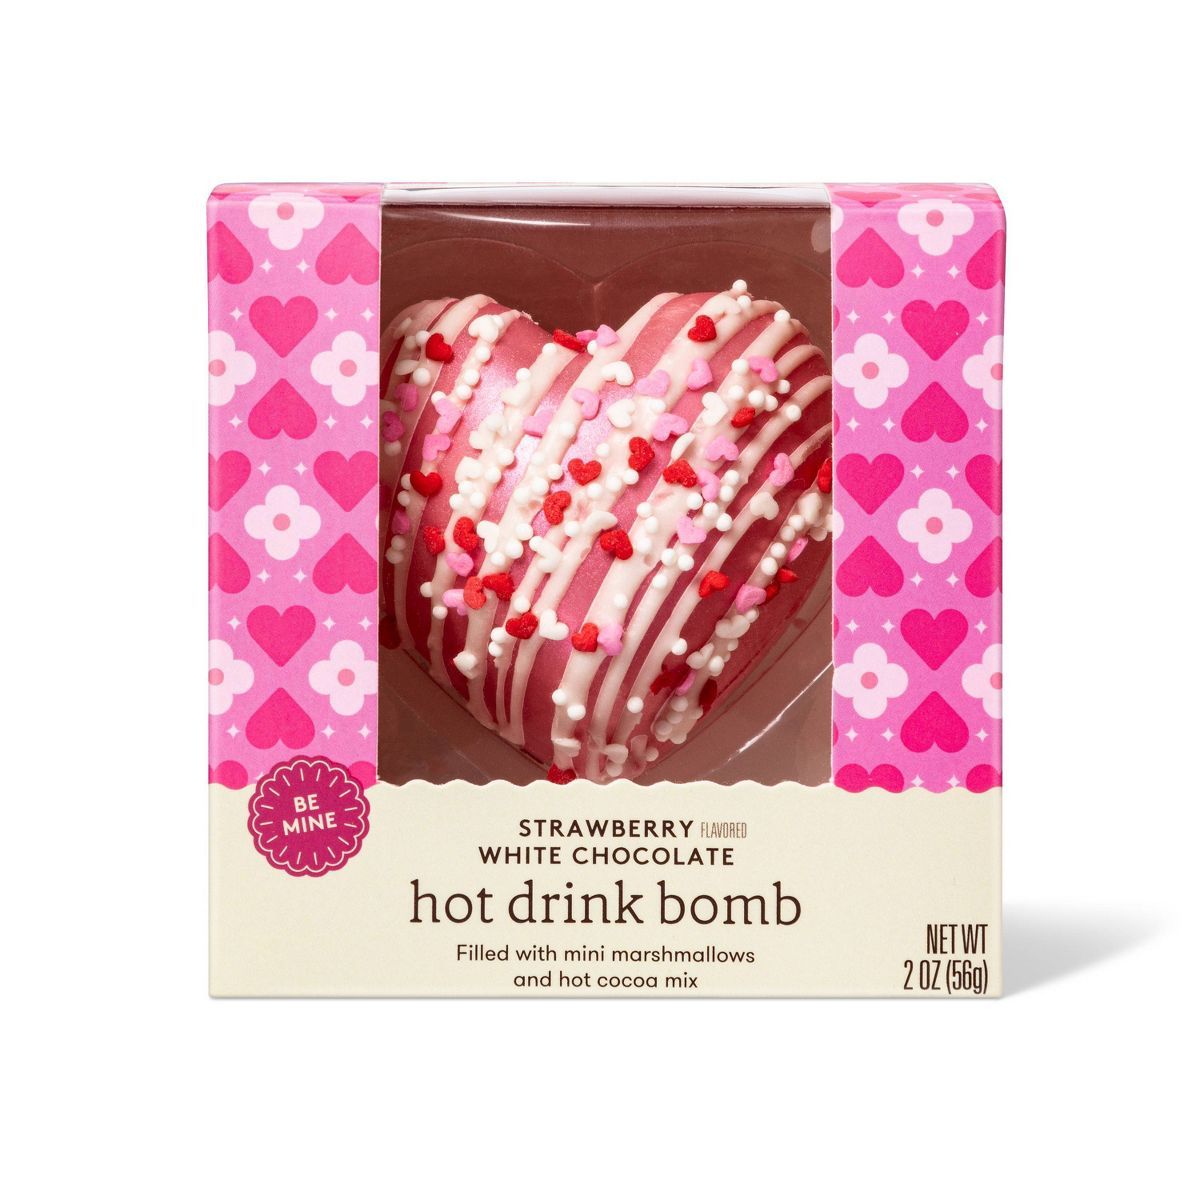 Valentine's Shimmery Heart Shaped Hot Cocoa Bomb Strawberry White Chocolate - 2oz - Favorite Day... | Target
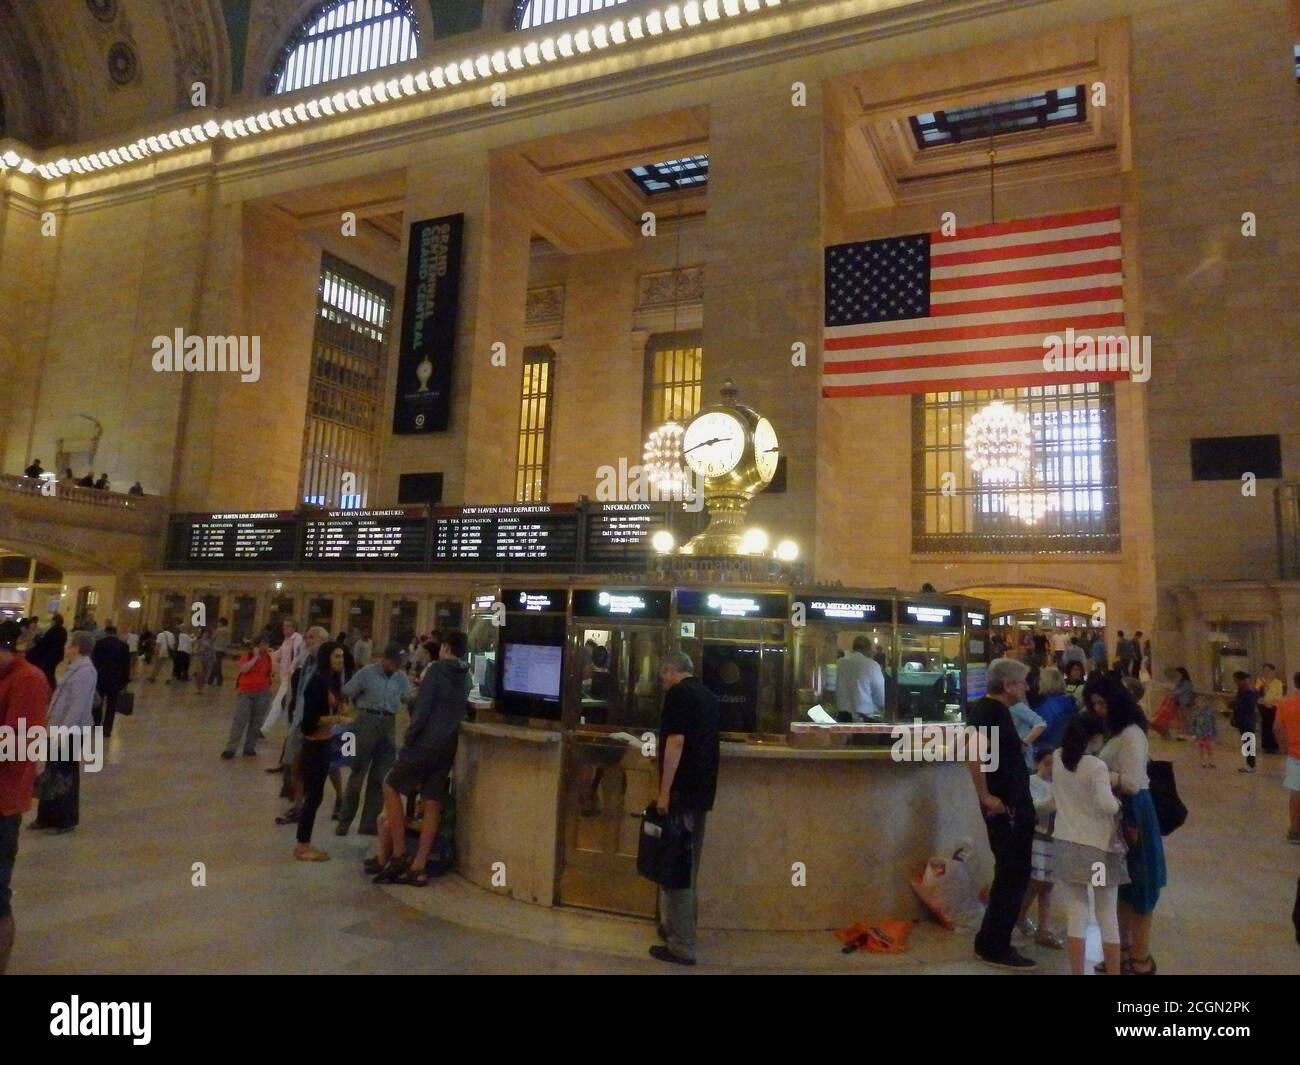 Grand Central Terminal information desk and clock, New York City, United States Stock Photo
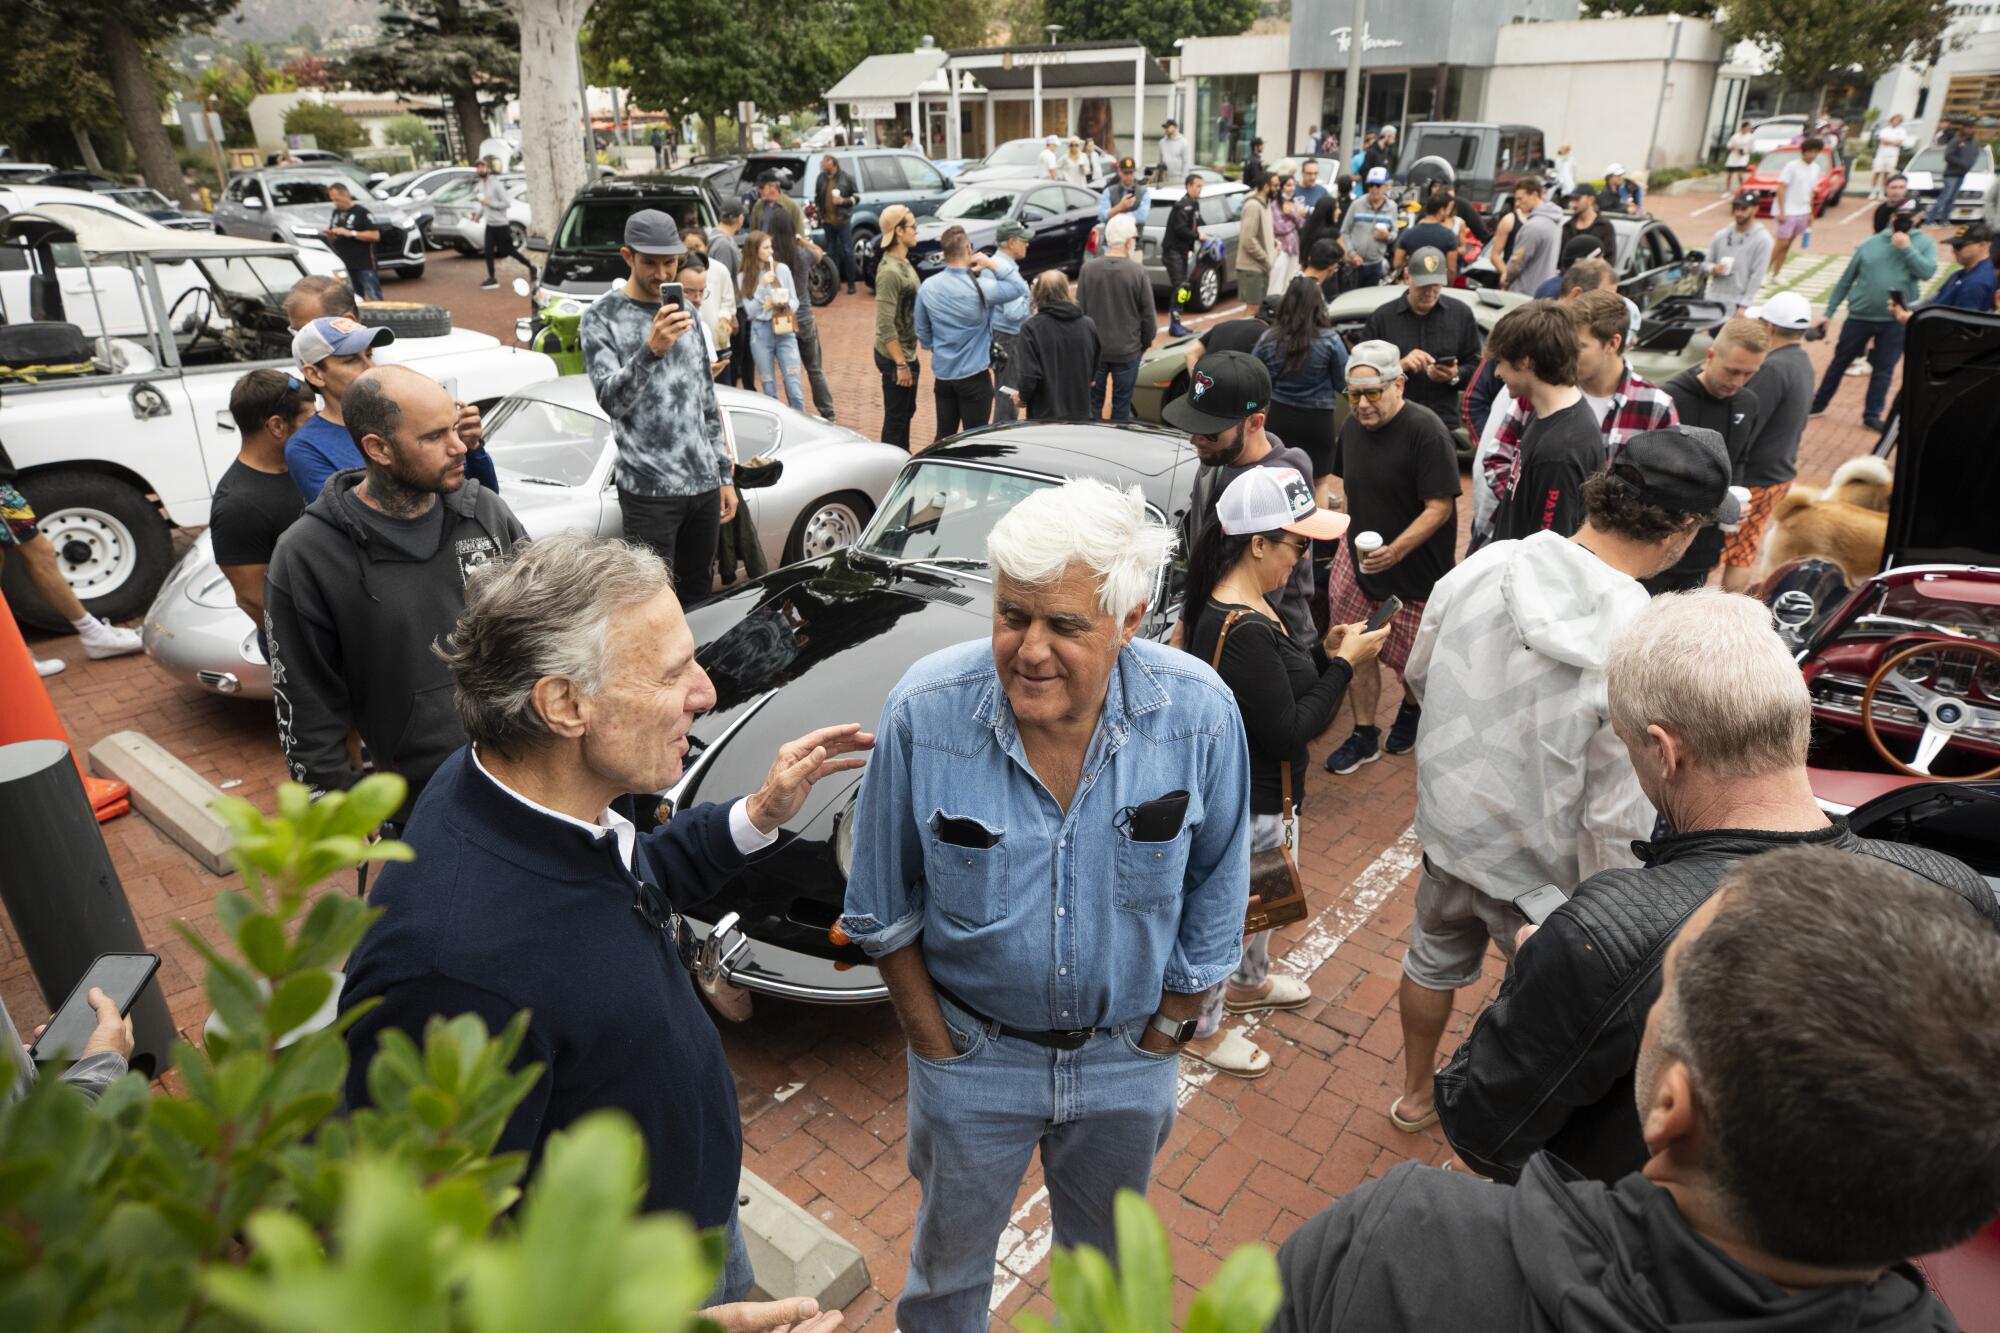 Bruce Meyer, left, chats with Jay Leno chat at the Malibu Country Market.

Instructions to follow:
Each line of the data must be transcribed exactly; pictures are not carried over.

Answer box:
 Valentine's Shimmery Heart Shaped Hot Cocoa Bomb Strawberry White Chocolate - 2oz - Favorite Day... | Target
 Grand Central Terminal information desk and clock, New York City, United States Stock Photo
 Bruce Meyer, left, chats with Jay Leno chat at the Malibu Country Market.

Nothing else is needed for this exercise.